By 1957, the Honolulu Station expanded along Ala Moana Boulevard at Richards Street to provide an additional 115 MW of generating capacity. The building housing two of its largest generating units was officially named after Leslie A. Hicks, who was Hawaiian Electric’s president at the time. The plant played a key role in meeting Oahu’s energy needs during the time Hawai?i was admitted to statehood in 1959 and during an unprecedented building boom that propelled the islands into an era of phenomenal growth.
“The Honolulu Power Plant and the generations of employees who served there have played a vital role in the history of our state. We’re proud of that legacy of service to our customers and will continue to uphold that tradition as we build a clean energy future for our islands,” Cox said.
Hawaiian Electric is continuing to integrate increasing amounts of renewable energy as it modernizes the electric system on Oahu. The island’s growing portfolio of clean energy includes the following:
- Hawaiian Electric’s biofueled generating station at Campbell Industrial Park
- The City & County’s H-POWER waste-to-energy facility
- Two wind farms owned and operated by First Wind
- More than 29,000 photovoltaic systems on customers’ rooftops
- Several utility-scale solar facilities
More clean energy projects on Oahu are in development, in negotiation, or in the process of regulatory review, including:
- The Hawaii Department of Transportation is constructing a 10-MW biofueled generating station at Honolulu International Airport.

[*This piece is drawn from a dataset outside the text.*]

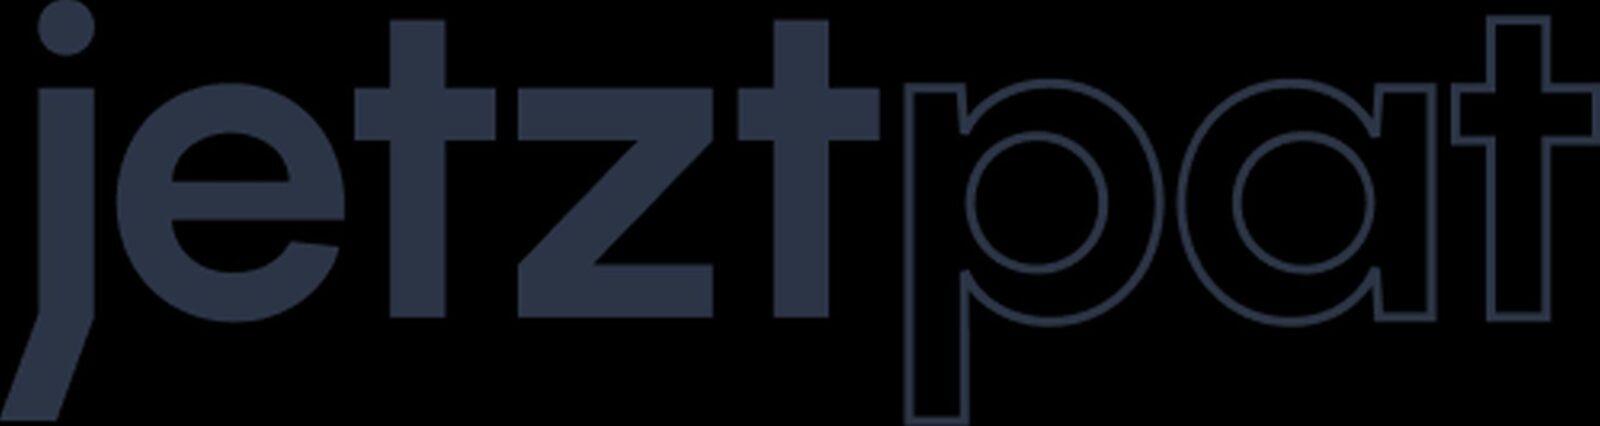 Jetztpat GmbH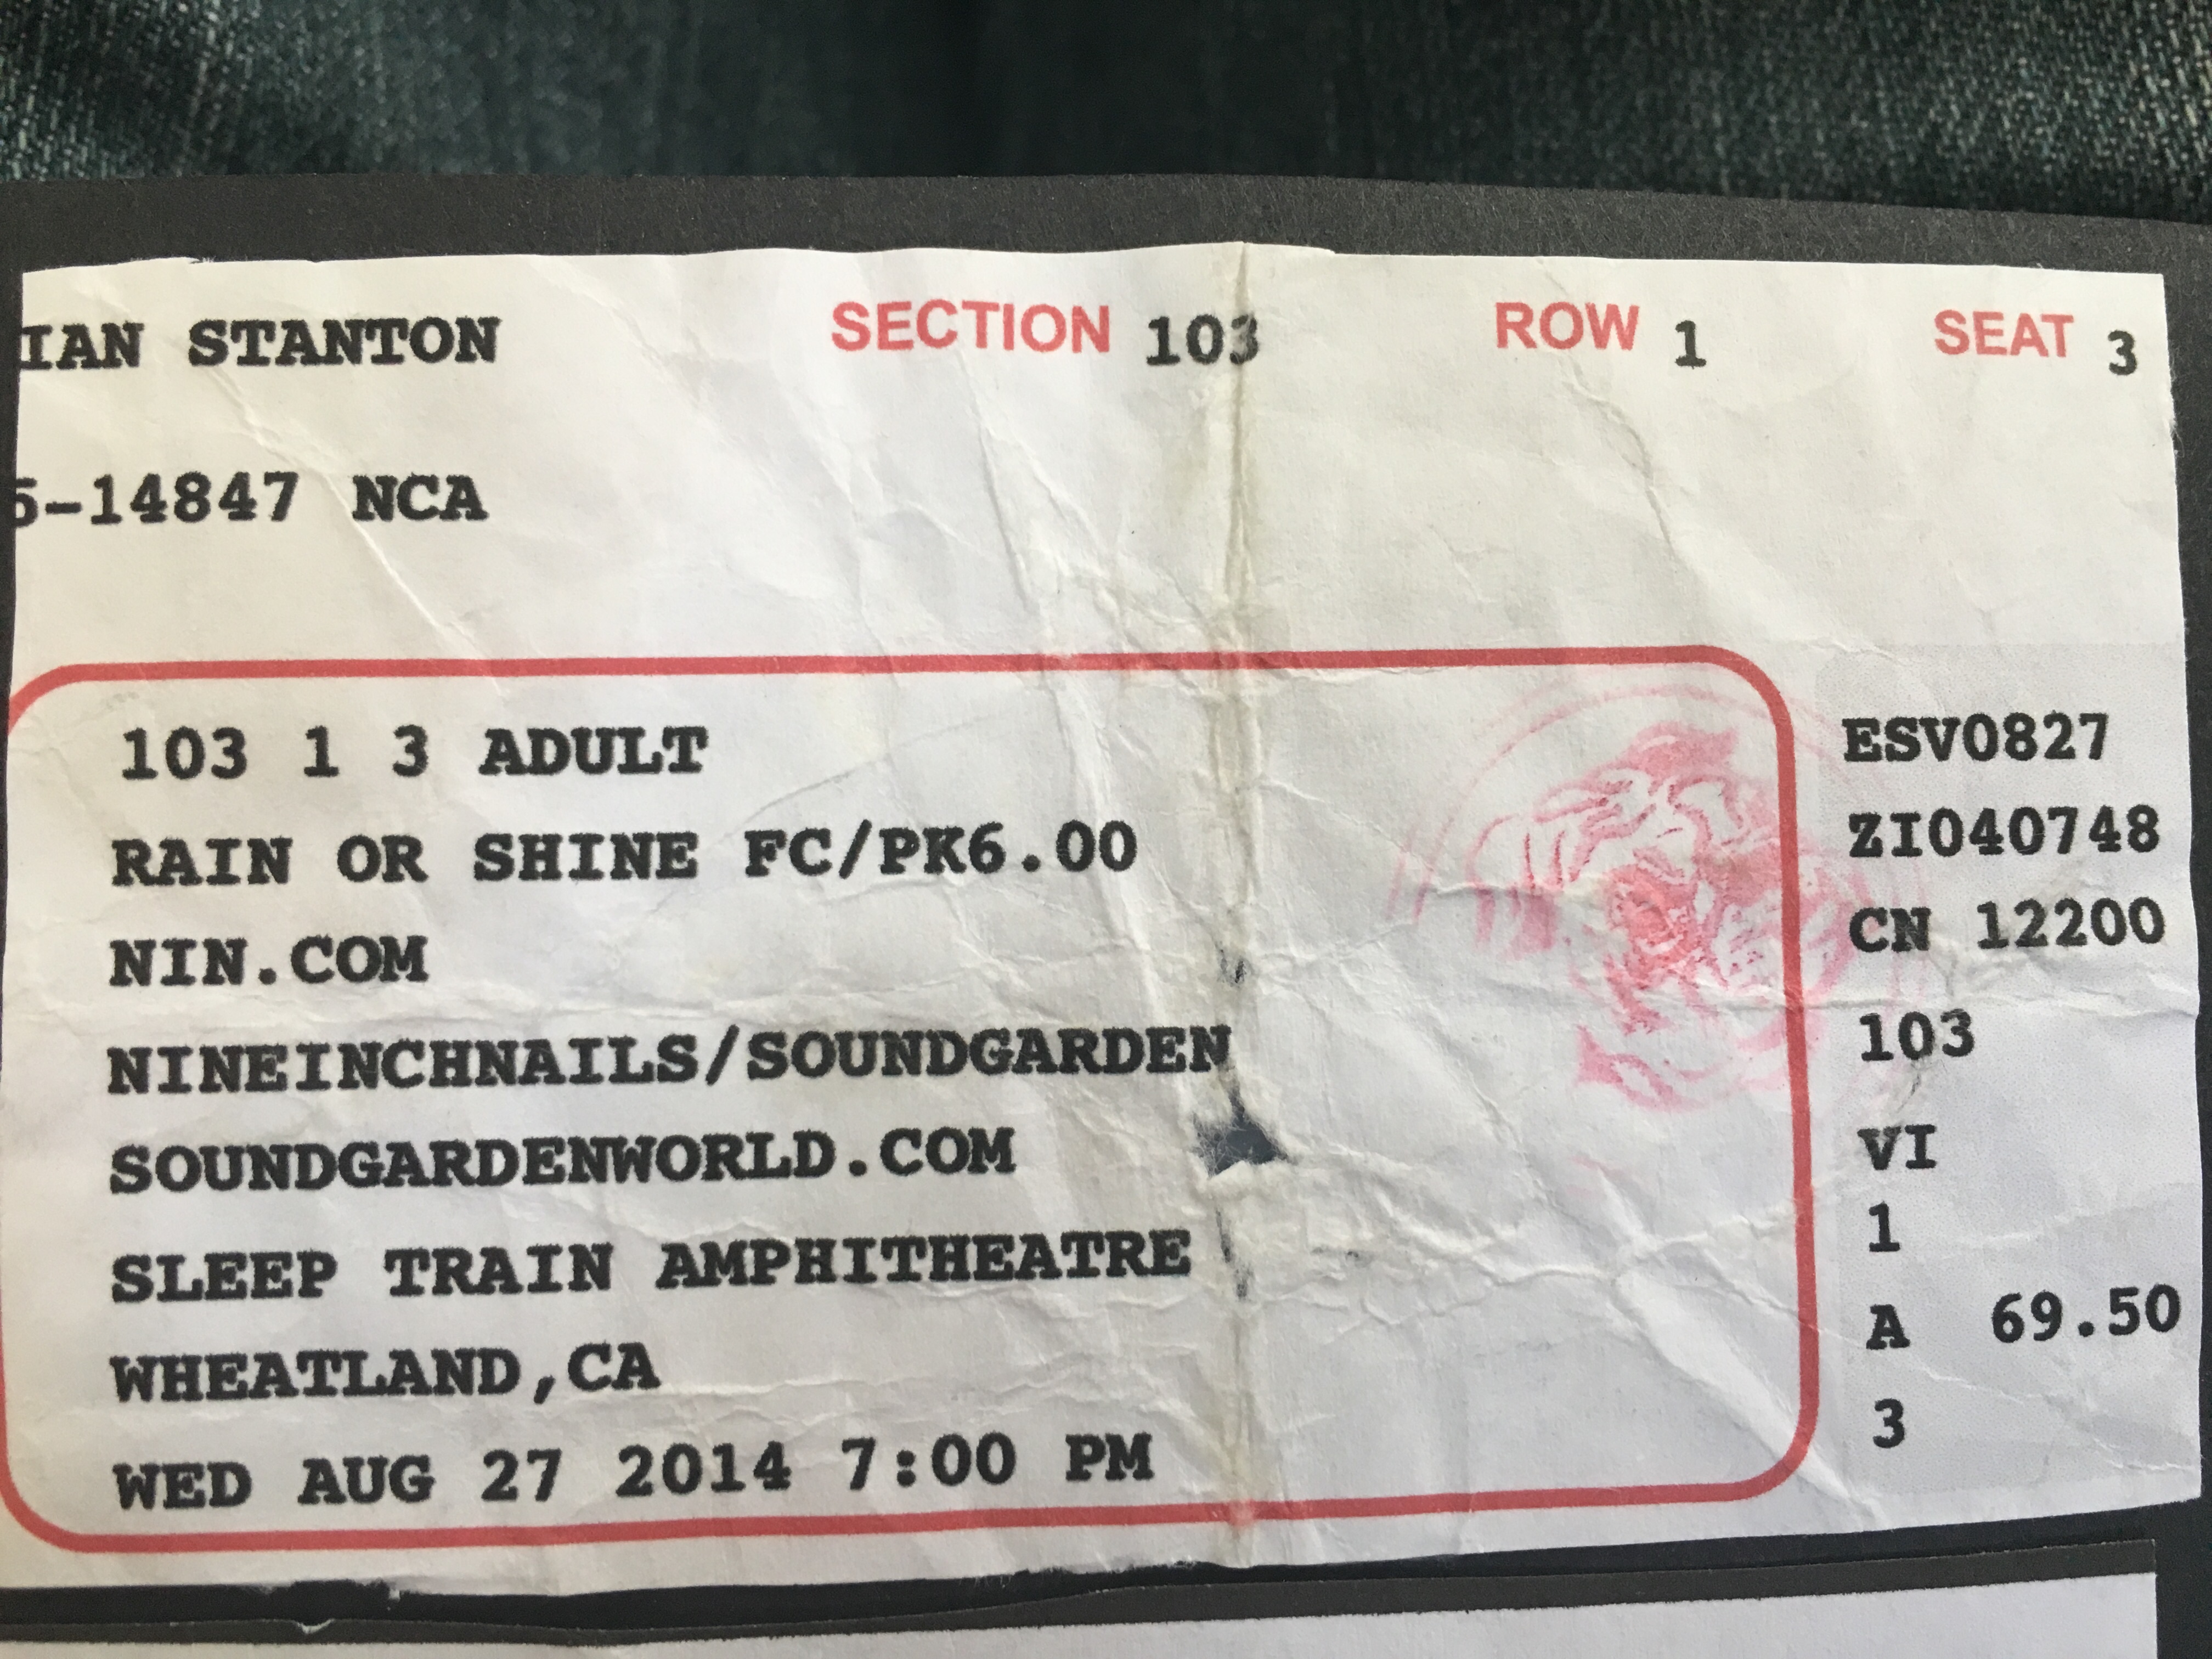 2014/08/27 Ticket

- Hawaiian Electric is also working with the Army on the development of a 50-MW biofueled generation station at Schofield Barracks.
- Hawaiian Electric is also seeking permission from the Hawaii Public Utilities Commission to pursue nine more renewable energy projects on Oahu with a combined capacity of 240 MW.
- Hawaiian Electric is also seeking approval from the PUC for a 15 MW photovoltaic system, which the company plans to develop at the Kahe Generating Station.
More than 18 percent of the electricity used by customers of the three Hawaiian Electric Companies – Hawaiian Electric, Maui Electric and Hawaii Electric Light – comes from renewable resources, already surpassing the state’s 2015 goal of 15 percent.
As a result of this progress, the Hawaiian Electric Companies are planning to deactivate a total of 226 MW of generation by the end of 2016. The plan includes:
- Two generating units at the Waiau Power Plant will be deactivated by 2016.
- Hawaii Island’s Shipman plant has already been deactivated
- On Maui, two of four units at Kahului Power Plant will be deactivated in 2014, and all four units will be retired by 2019.
Hawaiian Electric has also committed to review its generation needs on an annual basis. Based on that analysis, additional units will likely be identified for deactivation in the years ahead.
The full deactivation process will take several months. The plant’s two generating units must be cleaned and the equipment must be preserved to protect it from corrosion. The careful and deliberate process and appropriate preparation ensures the two units can be reactivated during emergency situations.
By contrast, “retirement” or “decommission” means a generating unit is permanently removed from service and no longer available for use under any circumstances.